■ AVAILABLE DATA:
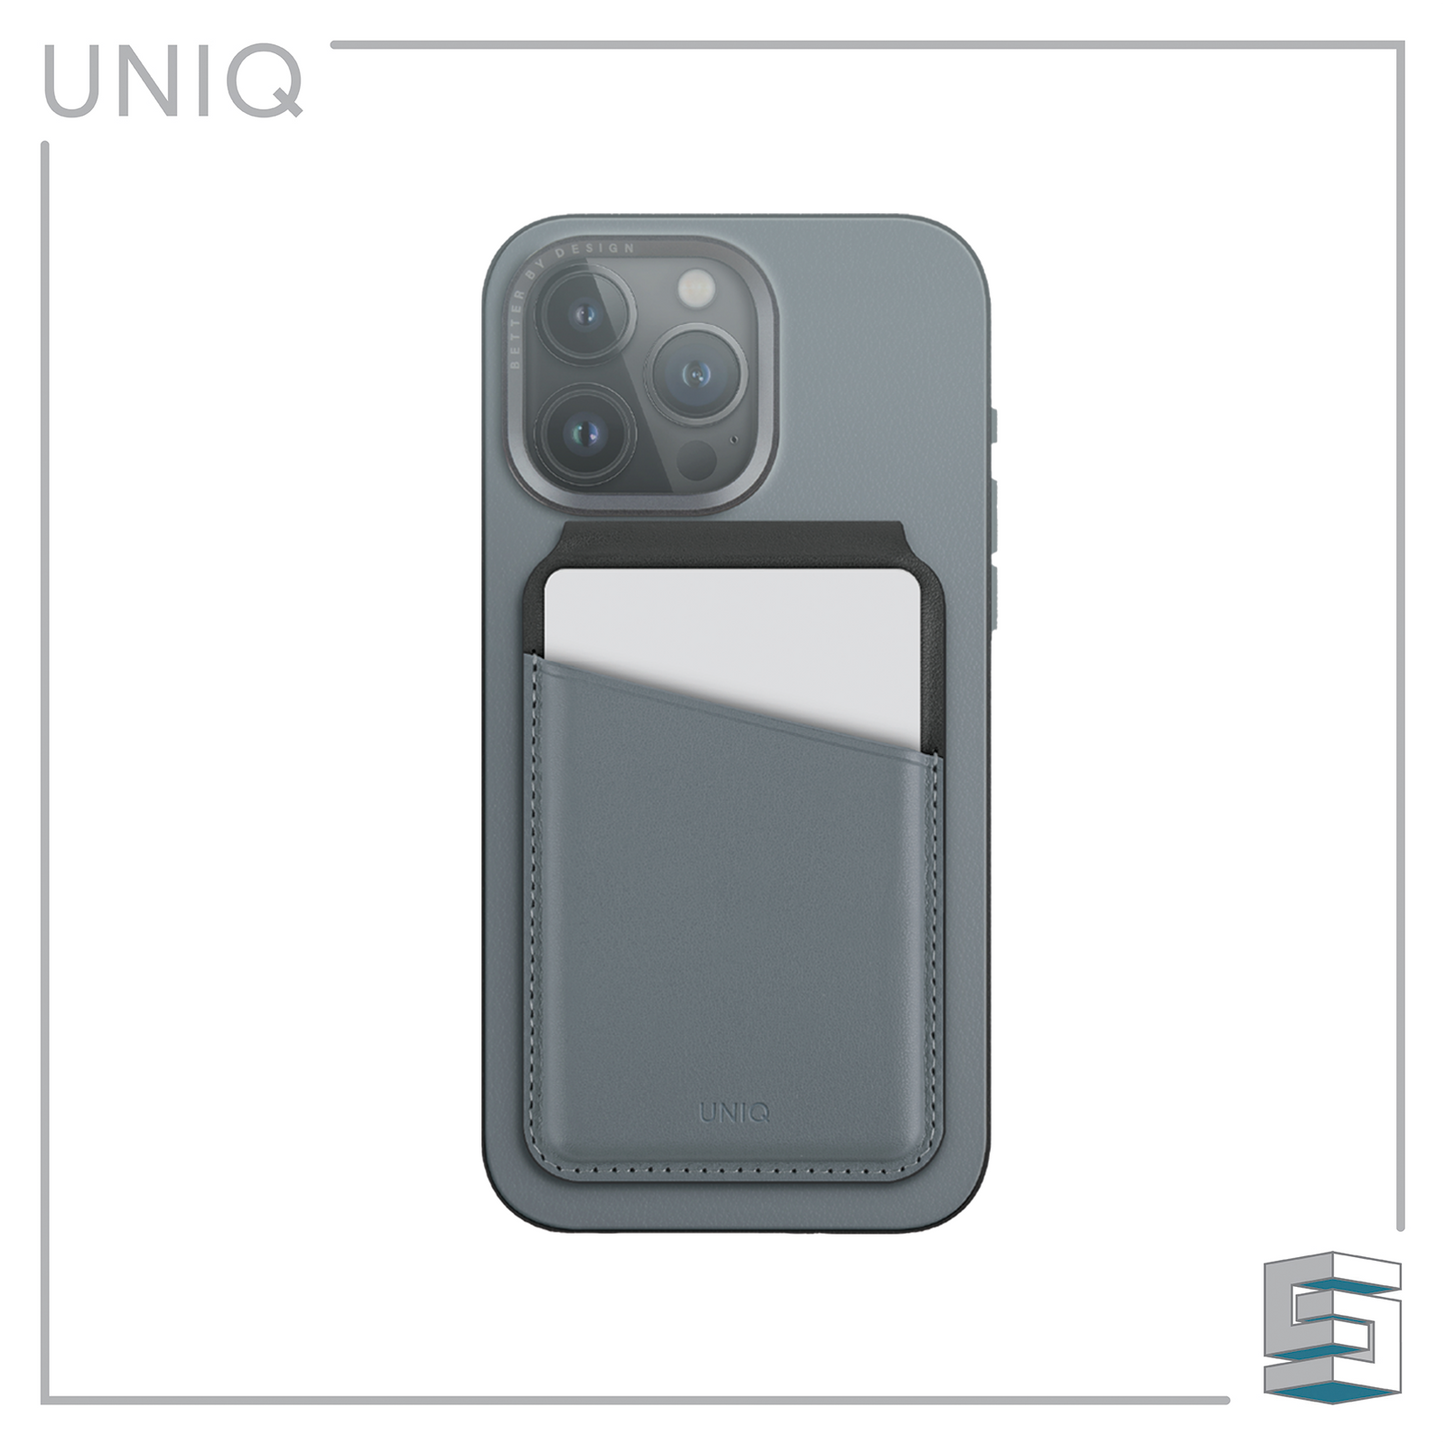 Cardholder & Stand - UNIQ Lyden Duo Series Global Synergy Concepts
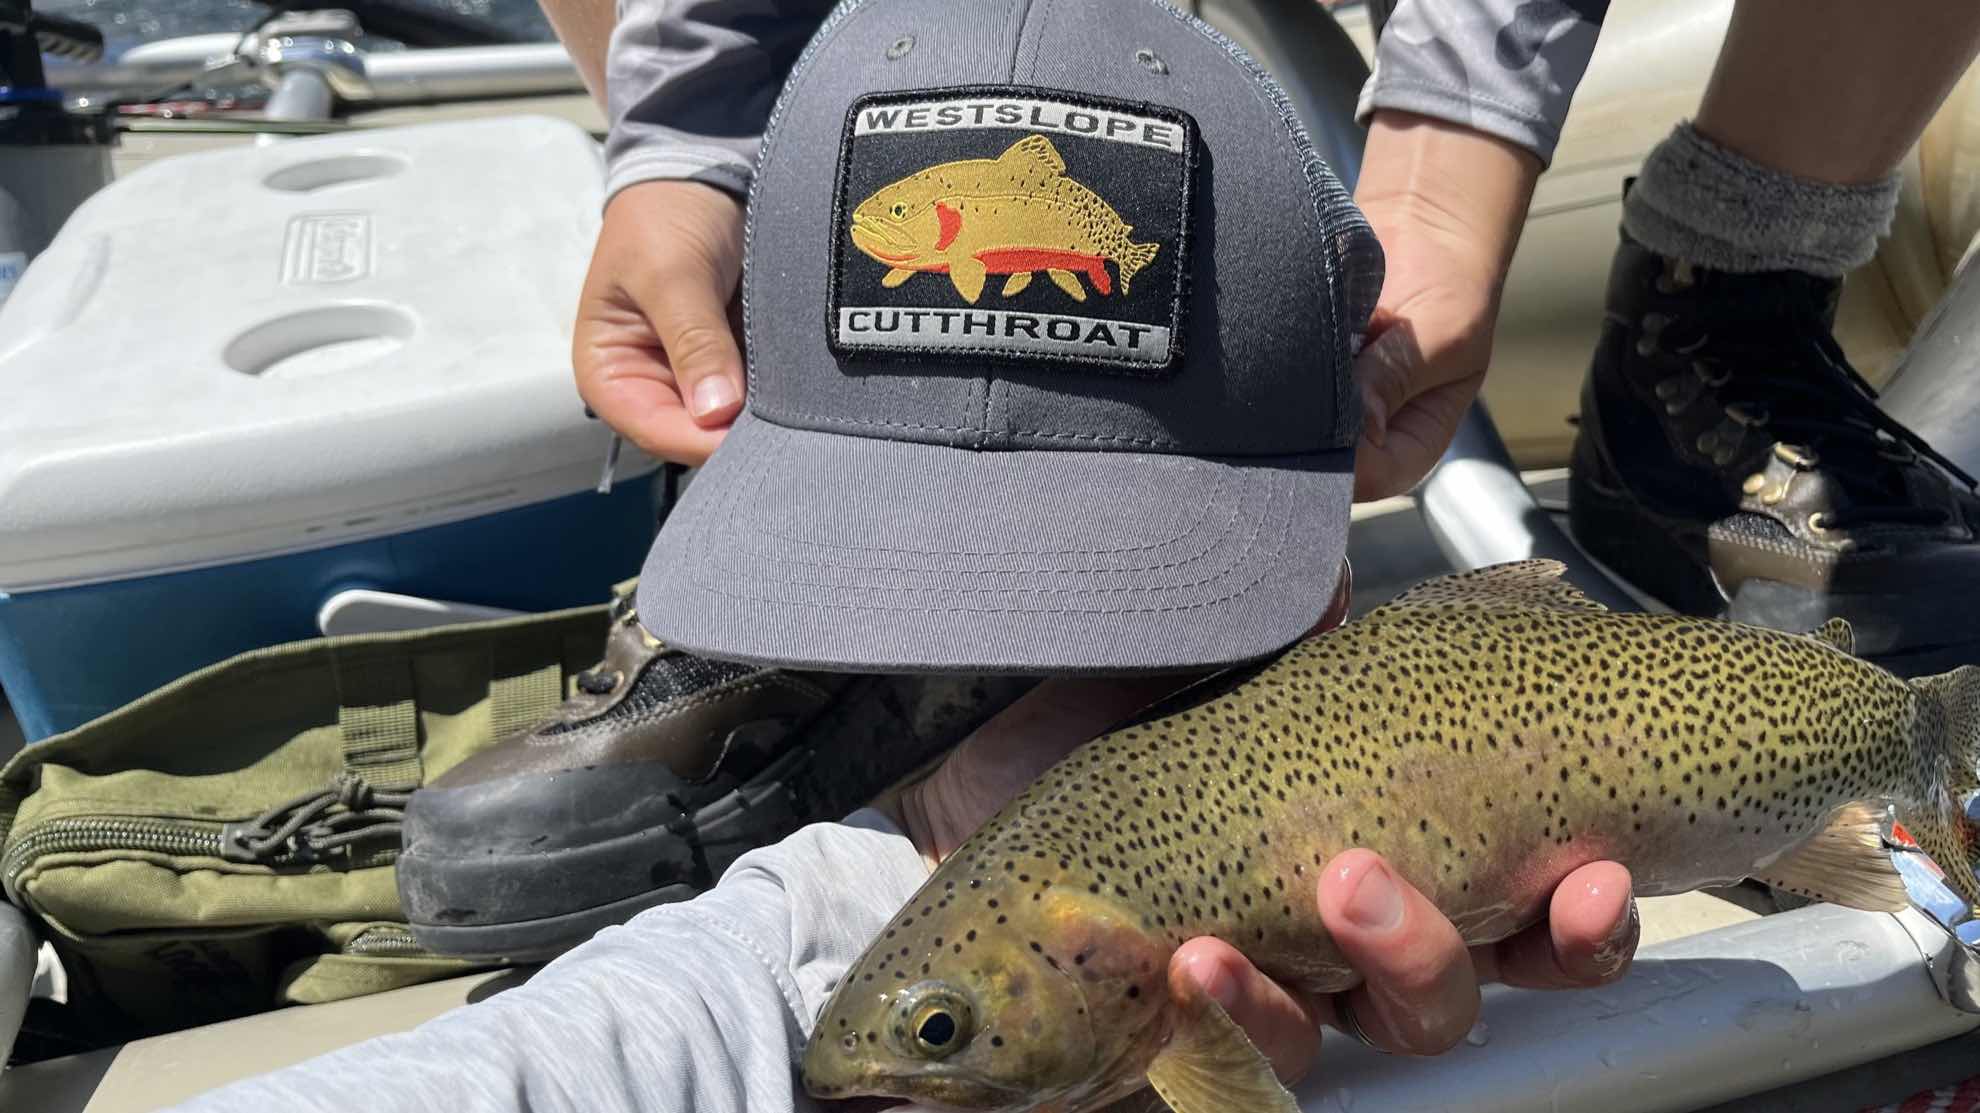 Westslope Cutthroat Trout – Western Native Trout Initiative
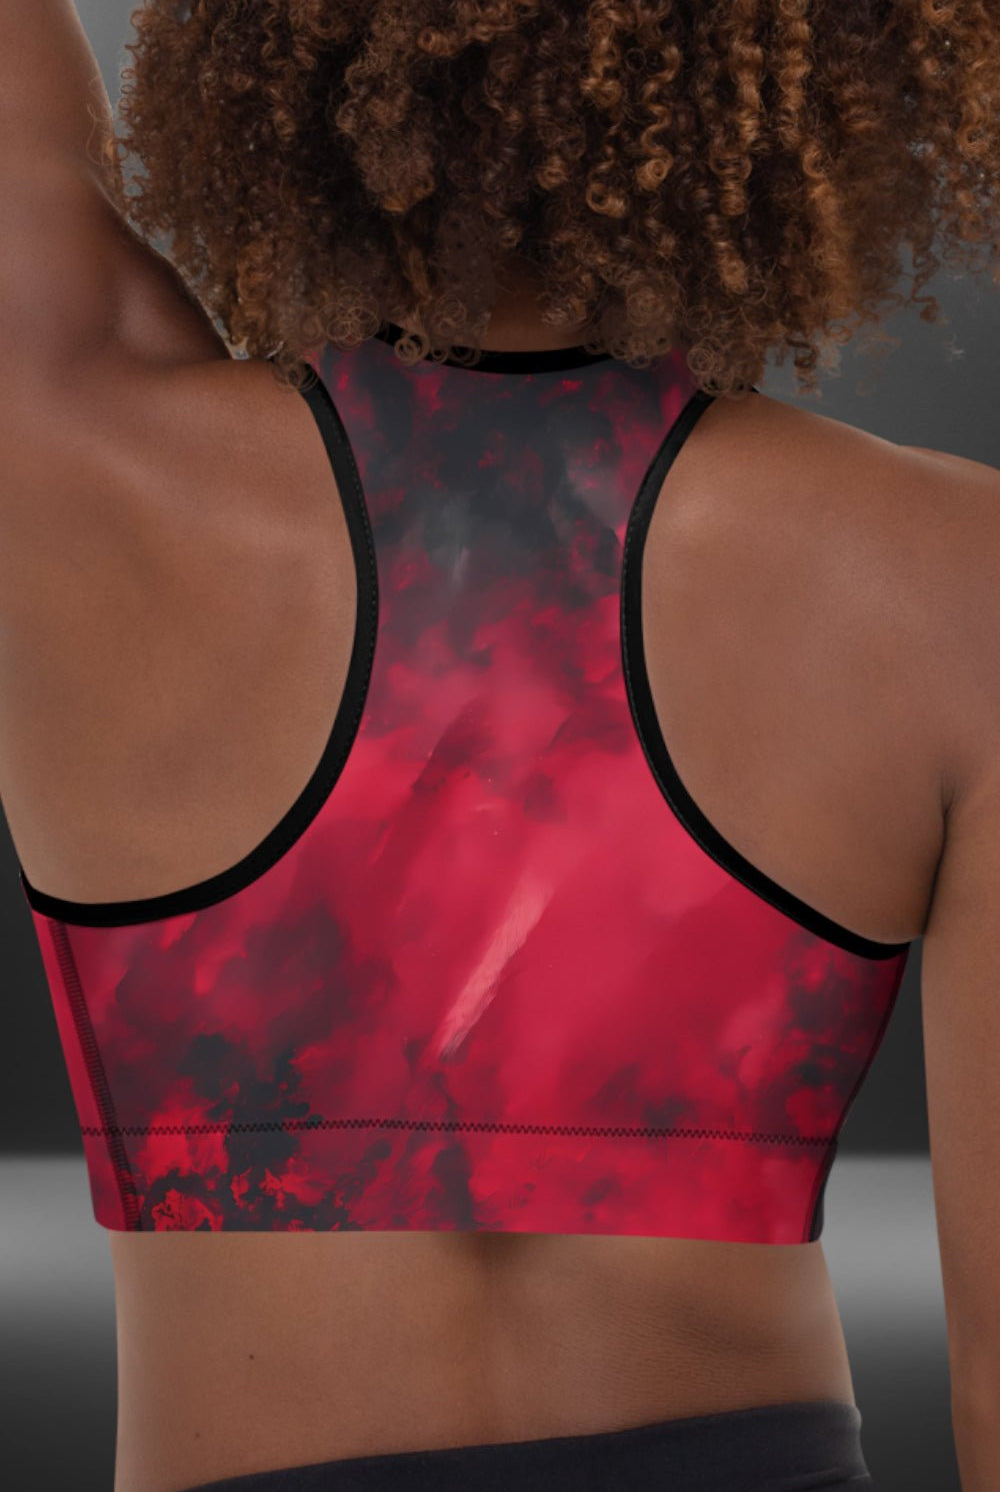 Dragon Foxx™ Red and Black Particle Grunge Padded Sports Bra - Dragon Foxx™ Padded Sports Bra - DRAGON FOXX™ - Dragon Foxx™ Red and Black Particle Grunge Padded Sports Bra - 6390448_10862 - XS - Red / Black - Dragon Foxx™ - Dragon Foxx™ Padded Sports Bra - Dragon Foxx™ Red and Black Grunge Padded Sports Bra
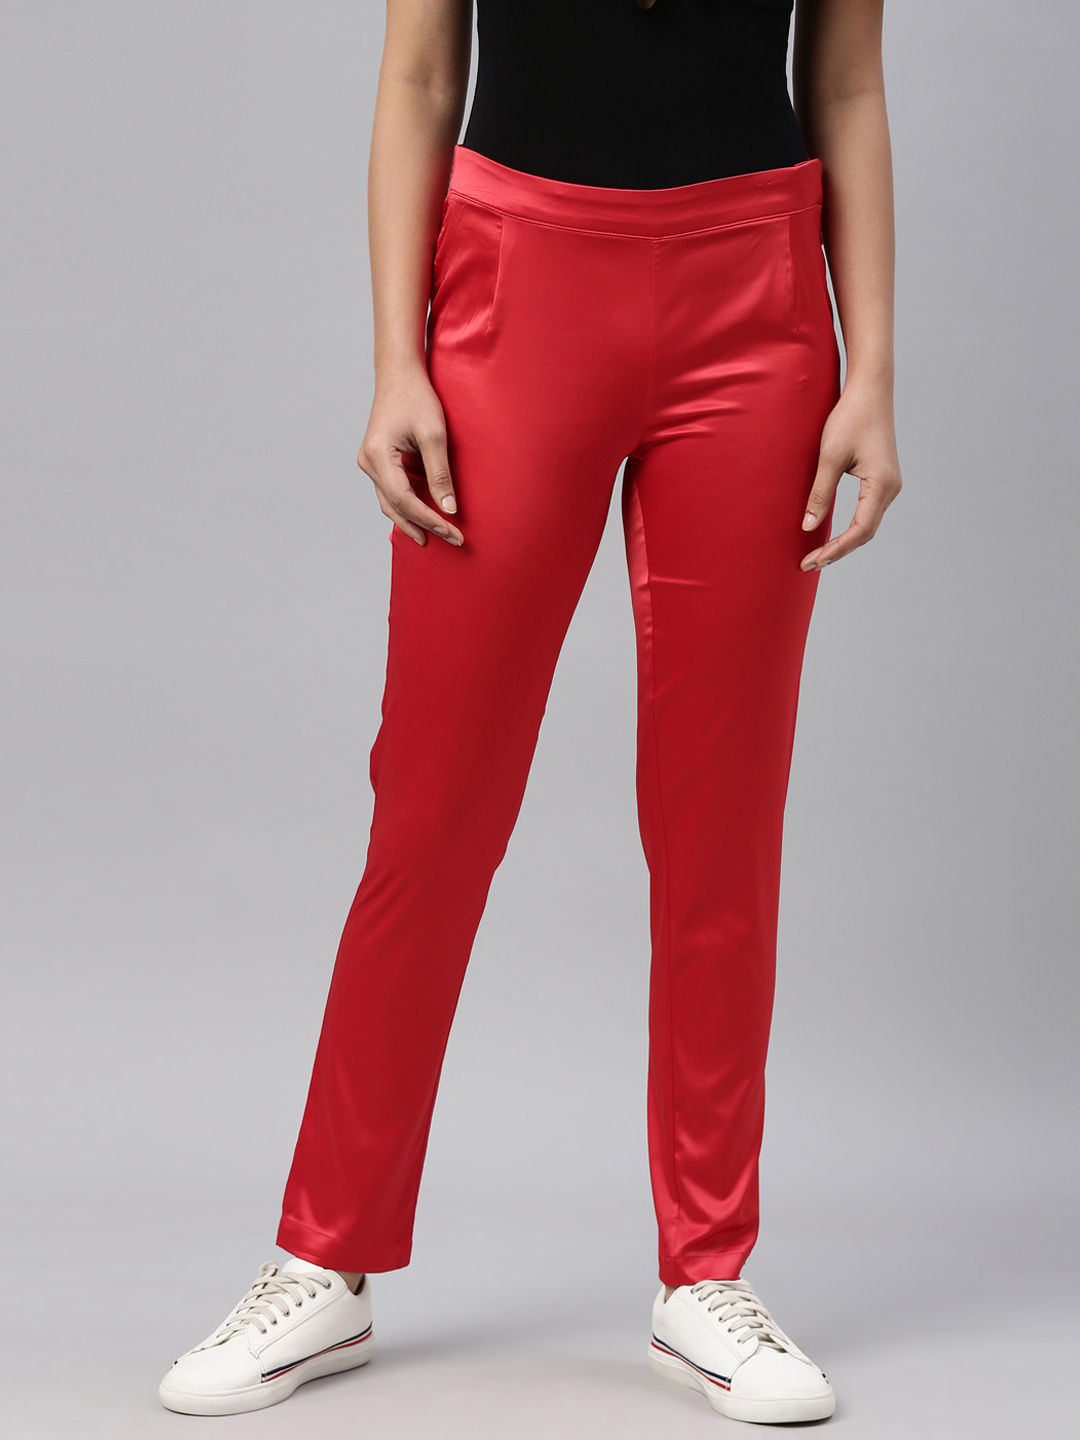 Buy Red Trousers  Pants for Women by DREAM  DZIRE Online  Ajiocom

■ EXERCISE DETAILS: Starting at the line that holds "Westslope Cutthroat Trout", repeat every line through the end of the listing exactly as written, skipping any picture.

■ COMPLETED EXERCISE:
 Westslope Cutthroat Trout – Western Native Trout Initiative
 Dragon Foxx™ Red and Black Particle Grunge Padded Sports Bra - Dragon Foxx™ Padded Sports Bra - DRAGON FOXX™ - Dragon Foxx™ Red and Black Particle Grunge Padded Sports Bra - 6390448_10862 - XS - Red / Black - Dragon Foxx™ - Dragon Foxx™ Padded Sports Bra - Dragon Foxx™ Red and Black Grunge Padded Sports Bra
 Buy Red Trousers  Pants for Women by DREAM  DZIRE Online  Ajiocom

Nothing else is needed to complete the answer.